Compute the following binomial probabilities directly from the formula for \(b(x ; n, p)\) : a. \(b(3 ; 8,-35)\) b. \(b(5 ; 8, .6)\) c. \(P(3 \leq X \leq 5)\) when \(n=7\) and \(p=.6\) d. \(P(1 \leq X)\) when \(n=9\) and \(p=.1\)

Short Answer

Expert verified
a.

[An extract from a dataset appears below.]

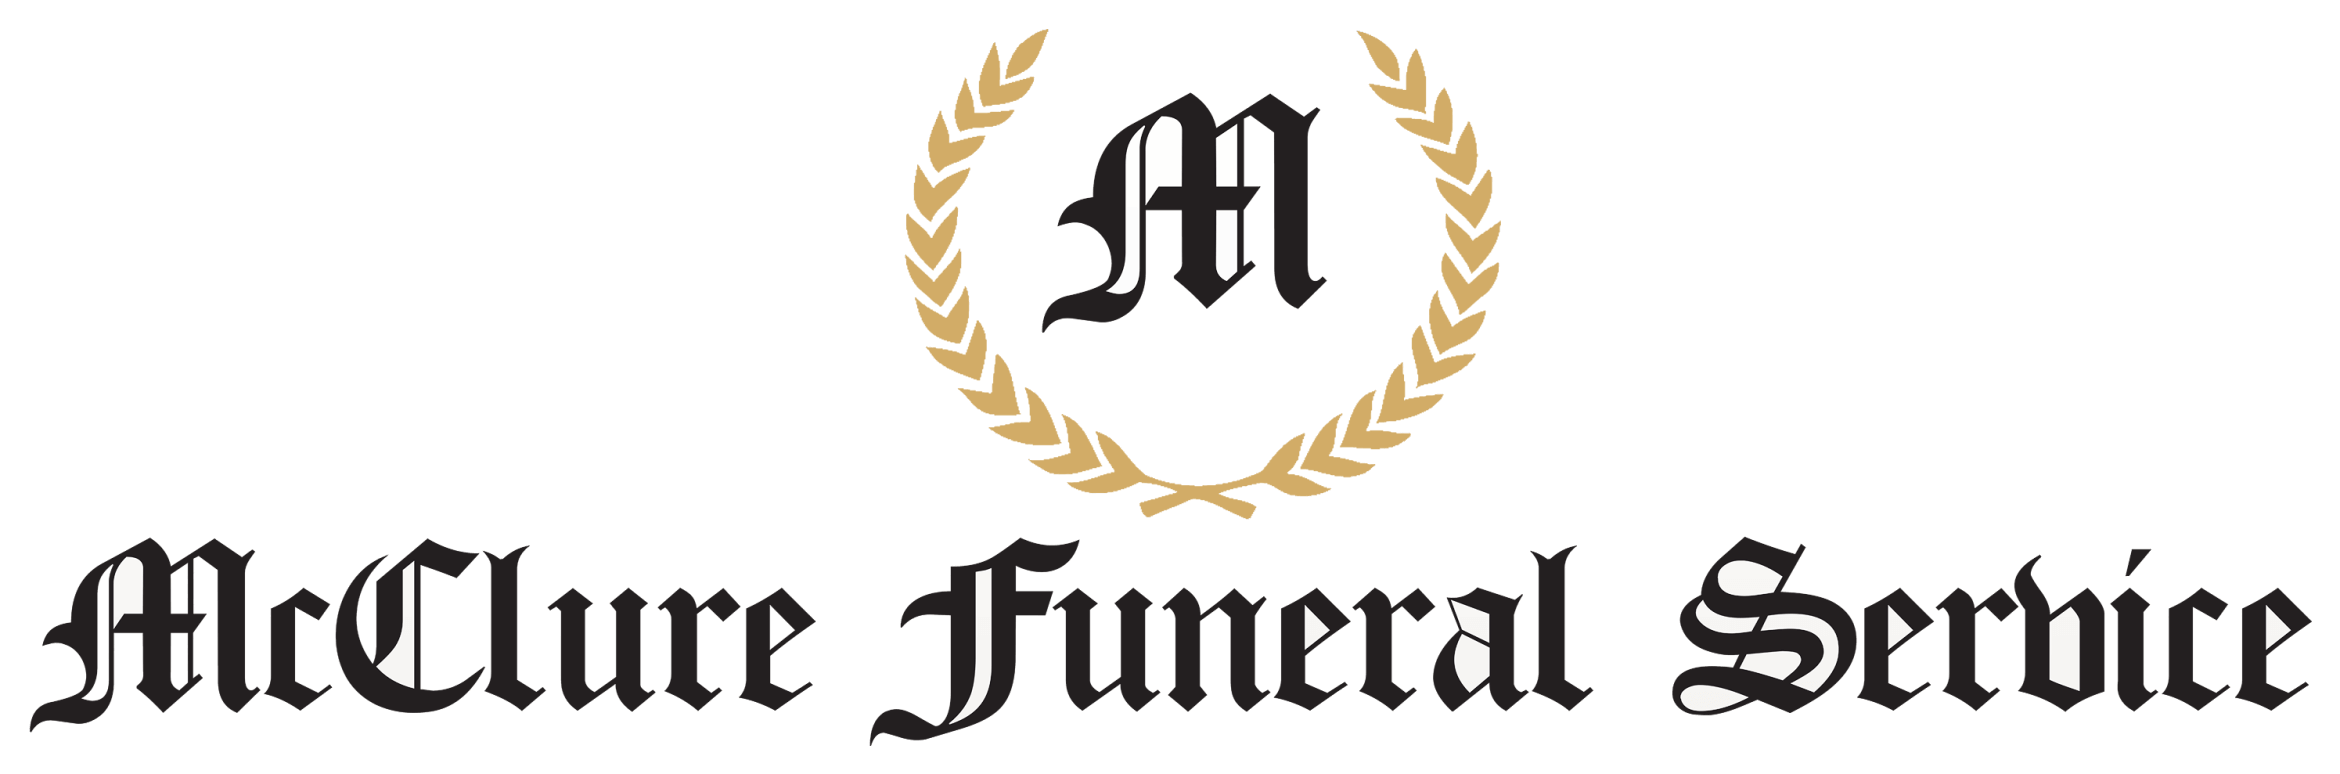 mcclure funeral home burlington nc obituaries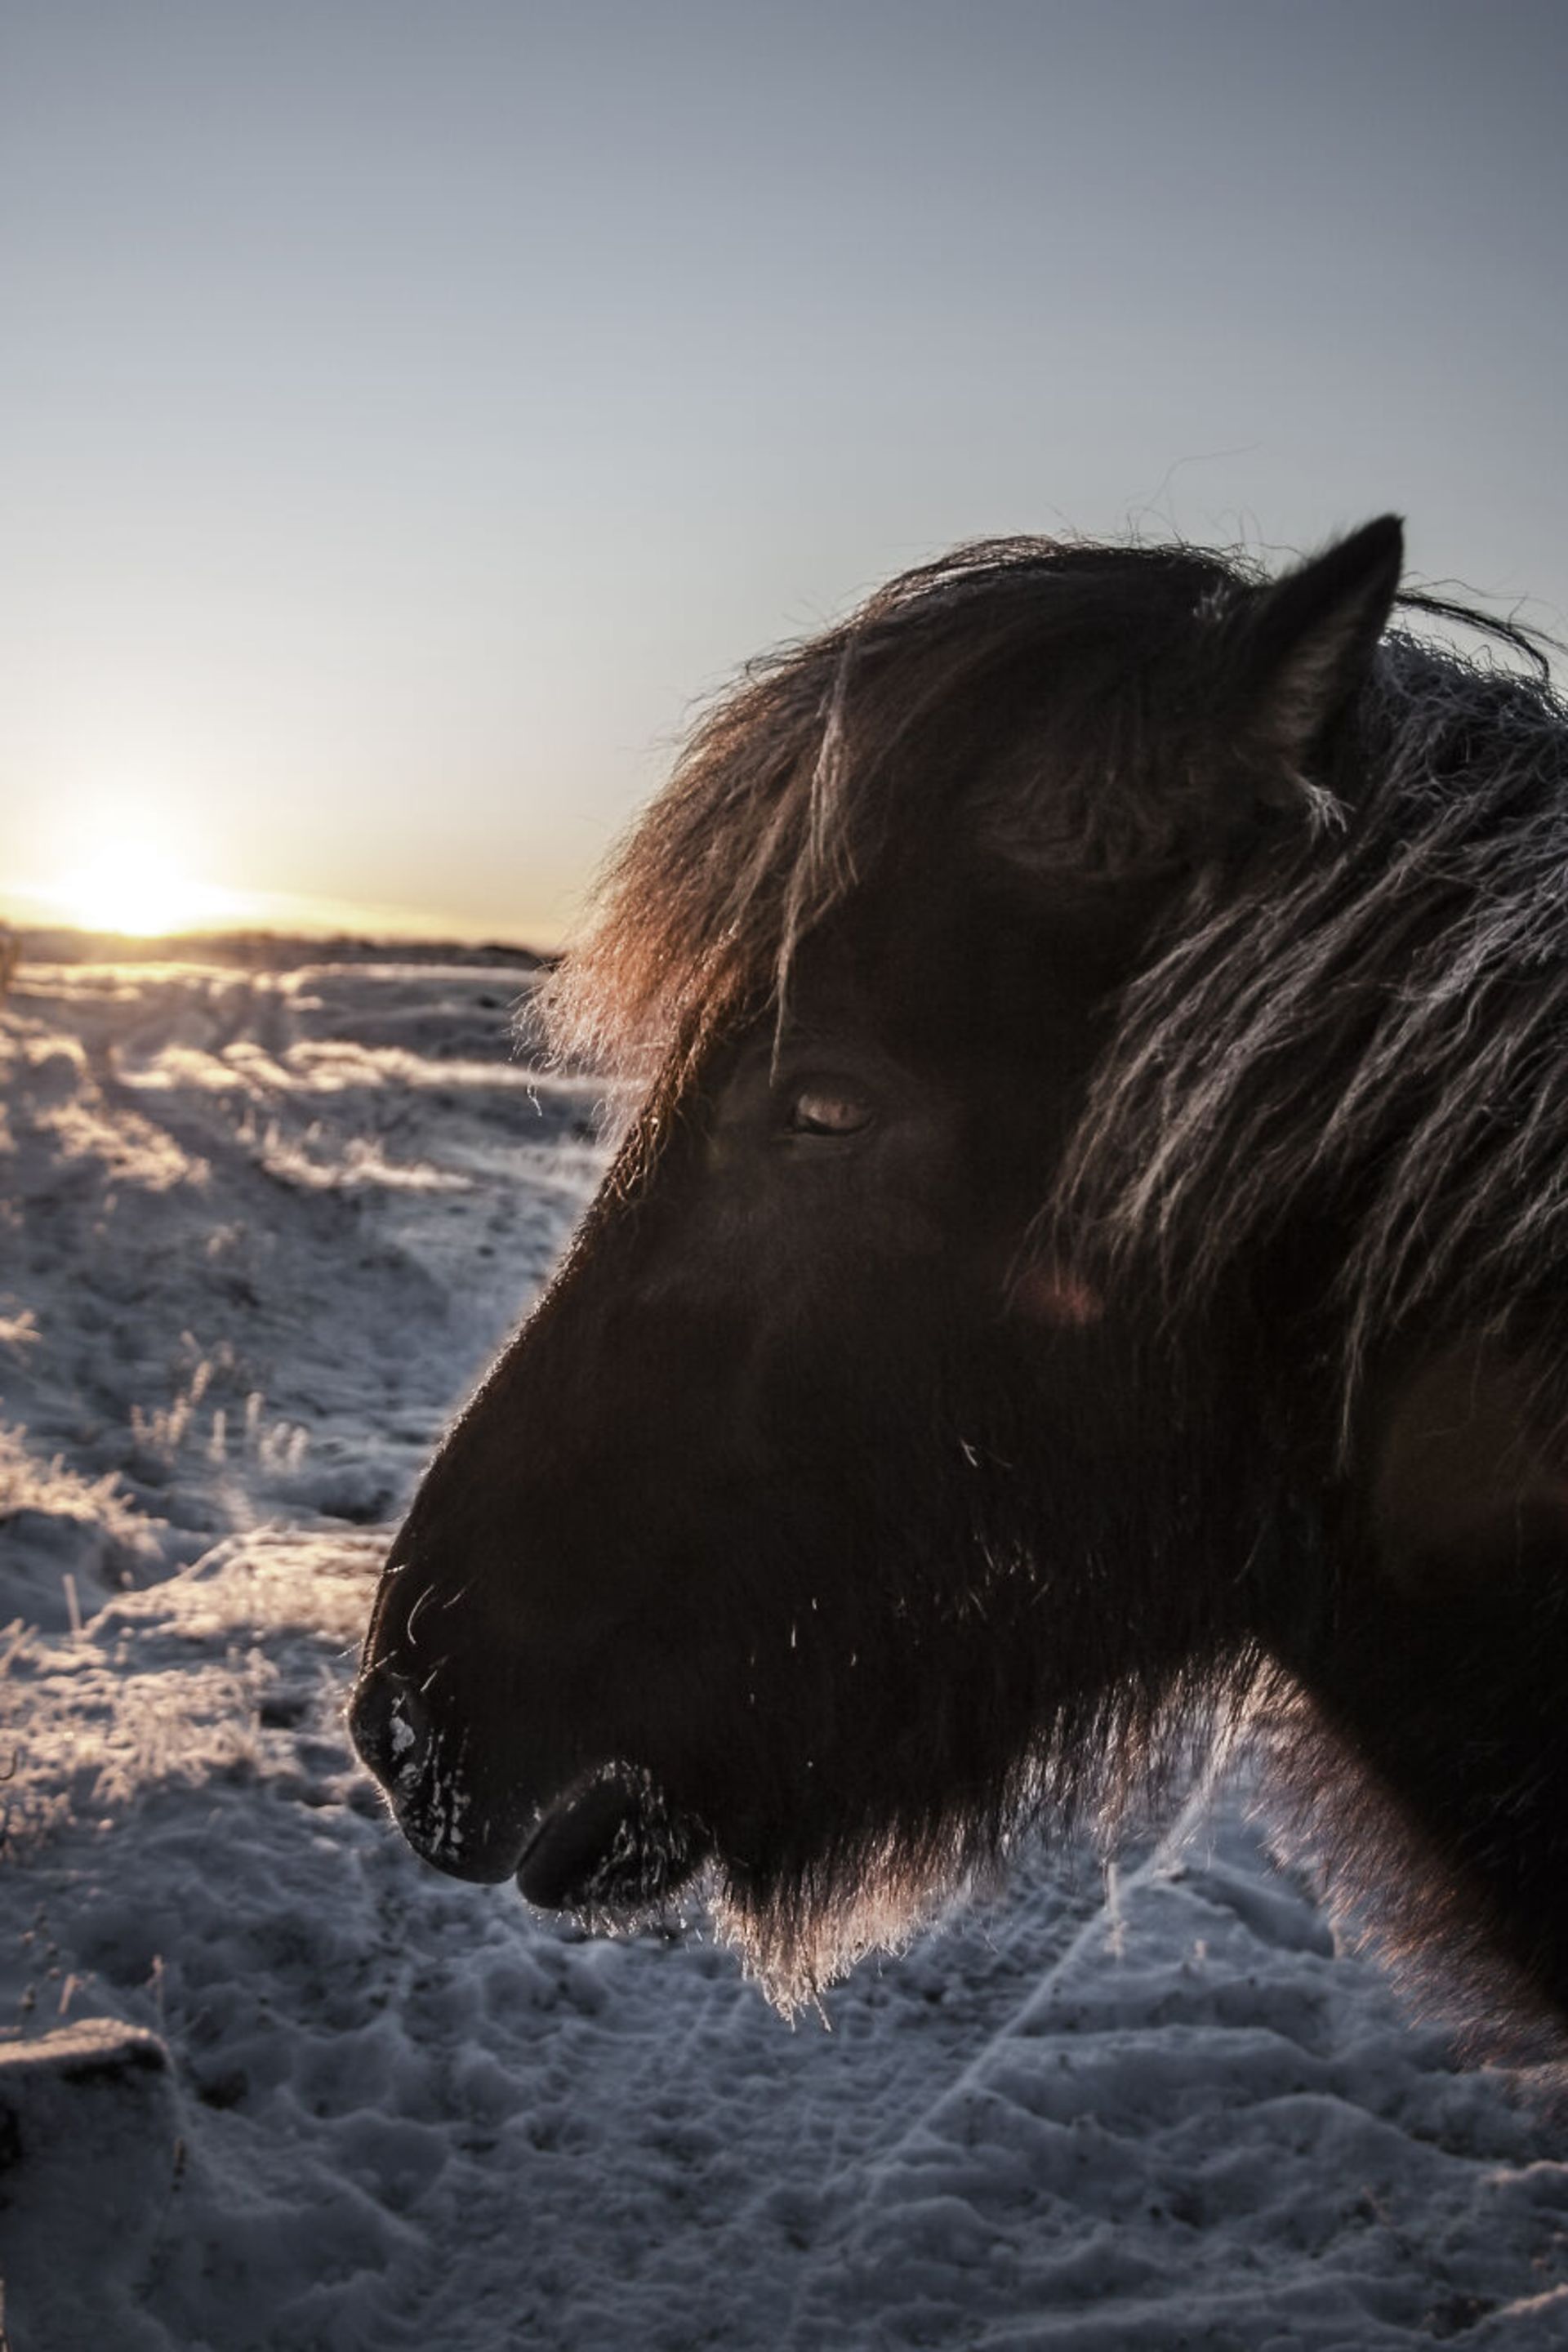 حیوانات در مناظر زمستانی ایسلند

Invalid probability b. 0.187 c. 0.7571 d. 0.6126

Step by step solution

01

Understand the Binomial Probability Formula

The binomial probability formula is given by \( b(x ; n, p) = \binom{n}{x} p^x (1-p)^{n-x} \), where \(n\) is the number of trials, \(x\) is the number of successes, and \(p\) is the probability of success on each trial. \(\binom{n}{x}\) is the binomial coefficient, calculated as \(\frac{n!}{x!(n-x)!}\).
02

Calculate Probability for Part a

For part \(a\), compute \(b(3; 8, -35)\). First, calculate \(\binom{8}{3} = 56\). Now substitute into the formula: \(b(3; 8, -35) = 56 \times (-35)^3 \times (1 - (-35))^{5}\). The probabilities calculated here involve a negative value, which is invalid for \(p\). Therefore, part \(a\) is not applicable as the probability \(p\) must be between 0 and 1.
03

Calculate Probability for Part b

For part \(b\), compute \(b(5; 8, 0.6)\). Calculate \(\binom{8}{5} = 56\). Substitute into the formula: \(b(5; 8, 0.6) = 56 \times 0.6^5 \times 0.4^3\). Evaluate this to find \(b(5; 8, 0.6) = 56 \times 0.07776 \times 0.064 = 0.187\).
04

Solve for Part c (Range Probability)

To find \(P(3 \leq X \leq 5)\) for \(n=7\) and \(p=0.6\), compute \(b(3; 7, 0.6)\), \(b(4; 7, 0.6)\), and \(b(5; 7, 0.6)\).- \(b(3; 7, 0.6) = \binom{7}{3} \times 0.6^3 \times 0.4^4 = 35 \times 0.216 \times 0.0256 = 0.1935\).- \(b(4; 7, 0.6) = \binom{7}{4} \times 0.6^4 \times 0.4^3 = 35 \times 0.1296 \times 0.064 = 0.2916\).- \(b(5; 7, 0.6) = \binom{7}{5} \times 0.6^5 \times 0.4^2 = 21 \times 0.07776 \times 0.16 = 0.272\).Add the probabilities: \(P(3 \leq X \leq 5) = 0.1935 + 0.2916 + 0.272 = 0.7571\).
05

Determine Probability for Part d

For \(P(1 \leq X)\) with \(n=9\) and \(p=0.1\), calculate \(1 - P(X = 0)\) because \(P(1 \leq X) = 1 - P(X = 0)\). Compute \(b(0; 9, 0.1) = \binom{9}{0} \times 0.1^0 \times 0.9^9 = 1 \times 1 \times 0.387420489 = 0.3874\). Thus, \(P(1 \leq X) = 1 - 0.3874 = 0.6126\).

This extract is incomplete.